* [Task to carry out]:
As soon as the line containing "Legenden om Villa" appears in the material below, start returning lines exactly, and end with the line containing "Памятник Землякам, расположенная".

* [Data supplied]:
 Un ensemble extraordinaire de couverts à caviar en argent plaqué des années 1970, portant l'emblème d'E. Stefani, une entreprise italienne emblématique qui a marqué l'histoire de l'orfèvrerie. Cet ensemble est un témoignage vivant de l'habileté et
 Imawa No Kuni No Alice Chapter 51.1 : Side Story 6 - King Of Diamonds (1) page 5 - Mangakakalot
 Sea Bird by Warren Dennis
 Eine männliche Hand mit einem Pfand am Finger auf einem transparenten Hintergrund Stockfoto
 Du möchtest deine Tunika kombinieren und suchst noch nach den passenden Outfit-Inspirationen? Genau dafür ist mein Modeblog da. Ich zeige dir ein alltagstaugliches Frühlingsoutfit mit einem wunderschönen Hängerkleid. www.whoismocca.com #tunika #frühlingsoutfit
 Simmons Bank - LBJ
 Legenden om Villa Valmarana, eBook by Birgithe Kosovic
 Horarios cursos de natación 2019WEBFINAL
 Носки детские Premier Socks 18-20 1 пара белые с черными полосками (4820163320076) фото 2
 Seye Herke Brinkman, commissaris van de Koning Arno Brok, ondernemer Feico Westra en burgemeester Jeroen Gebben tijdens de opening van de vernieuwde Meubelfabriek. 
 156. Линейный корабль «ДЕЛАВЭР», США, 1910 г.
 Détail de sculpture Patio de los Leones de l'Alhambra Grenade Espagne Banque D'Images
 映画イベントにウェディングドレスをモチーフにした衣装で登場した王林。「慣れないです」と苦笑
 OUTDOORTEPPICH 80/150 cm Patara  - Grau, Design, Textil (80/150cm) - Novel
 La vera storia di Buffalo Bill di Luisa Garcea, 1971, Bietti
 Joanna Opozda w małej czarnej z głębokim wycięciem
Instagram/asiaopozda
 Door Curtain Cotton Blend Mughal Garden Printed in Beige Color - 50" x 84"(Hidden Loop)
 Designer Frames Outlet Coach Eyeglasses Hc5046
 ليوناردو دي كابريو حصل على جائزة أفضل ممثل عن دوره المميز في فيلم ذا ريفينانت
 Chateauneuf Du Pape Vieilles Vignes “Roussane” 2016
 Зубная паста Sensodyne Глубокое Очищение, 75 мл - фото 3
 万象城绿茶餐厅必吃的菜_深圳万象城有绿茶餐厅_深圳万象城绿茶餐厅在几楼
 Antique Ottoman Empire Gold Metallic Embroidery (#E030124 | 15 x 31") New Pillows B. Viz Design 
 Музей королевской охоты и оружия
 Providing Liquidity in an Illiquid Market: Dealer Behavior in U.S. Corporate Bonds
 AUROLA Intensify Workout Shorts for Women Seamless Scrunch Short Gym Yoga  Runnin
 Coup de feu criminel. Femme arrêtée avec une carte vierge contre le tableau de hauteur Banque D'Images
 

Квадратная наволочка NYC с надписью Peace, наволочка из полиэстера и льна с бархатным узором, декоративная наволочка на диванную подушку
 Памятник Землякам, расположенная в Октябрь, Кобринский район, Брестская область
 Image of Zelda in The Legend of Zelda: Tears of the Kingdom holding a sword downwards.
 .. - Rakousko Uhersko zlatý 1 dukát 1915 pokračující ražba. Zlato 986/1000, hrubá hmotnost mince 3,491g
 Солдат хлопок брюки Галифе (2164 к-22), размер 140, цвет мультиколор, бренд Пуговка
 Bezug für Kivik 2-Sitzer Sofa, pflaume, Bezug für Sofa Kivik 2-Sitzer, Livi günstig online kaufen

* [Answer to this exercise]:
 Legenden om Villa Valmarana, eBook by Birgithe Kosovic
 Horarios cursos de natación 2019WEBFINAL
 Носки детские Premier Socks 18-20 1 пара белые с черными полосками (4820163320076) фото 2
 Seye Herke Brinkman, commissaris van de Koning Arno Brok, ondernemer Feico Westra en burgemeester Jeroen Gebben tijdens de opening van de vernieuwde Meubelfabriek. 
 156. Линейный корабль «ДЕЛАВЭР», США, 1910 г.
 Détail de sculpture Patio de los Leones de l'Alhambra Grenade Espagne Banque D'Images
 映画イベントにウェディングドレスをモチーフにした衣装で登場した王林。「慣れないです」と苦笑
 OUTDOORTEPPICH 80/150 cm Patara  - Grau, Design, Textil (80/150cm) - Novel
 La vera storia di Buffalo Bill di Luisa Garcea, 1971, Bietti
 Joanna Opozda w małej czarnej z głębokim wycięciem
Instagram/asiaopozda
 Door Curtain Cotton Blend Mughal Garden Printed in Beige Color - 50" x 84"(Hidden Loop)
 Designer Frames Outlet Coach Eyeglasses Hc5046
 ليوناردو دي كابريو حصل على جائزة أفضل ممثل عن دوره المميز في فيلم ذا ريفينانت
 Chateauneuf Du Pape Vieilles Vignes “Roussane” 2016
 Зубная паста Sensodyne Глубокое Очищение, 75 мл - фото 3
 万象城绿茶餐厅必吃的菜_深圳万象城有绿茶餐厅_深圳万象城绿茶餐厅在几楼
 Antique Ottoman Empire Gold Metallic Embroidery (#E030124 | 15 x 31") New Pillows B. Viz Design 
 Музей королевской охоты и оружия
 Providing Liquidity in an Illiquid Market: Dealer Behavior in U.S. Corporate Bonds
 AUROLA Intensify Workout Shorts for Women Seamless Scrunch Short Gym Yoga  Runnin
 Coup de feu criminel. Femme arrêtée avec une carte vierge contre le tableau de hauteur Banque D'Images
 

Квадратная наволочка NYC с надписью Peace, наволочка из полиэстера и льна с бархатным узором, декоративная наволочка на диванную подушку
 Памятник Землякам, расположенная в Октябрь, Кобринский район, Брестская область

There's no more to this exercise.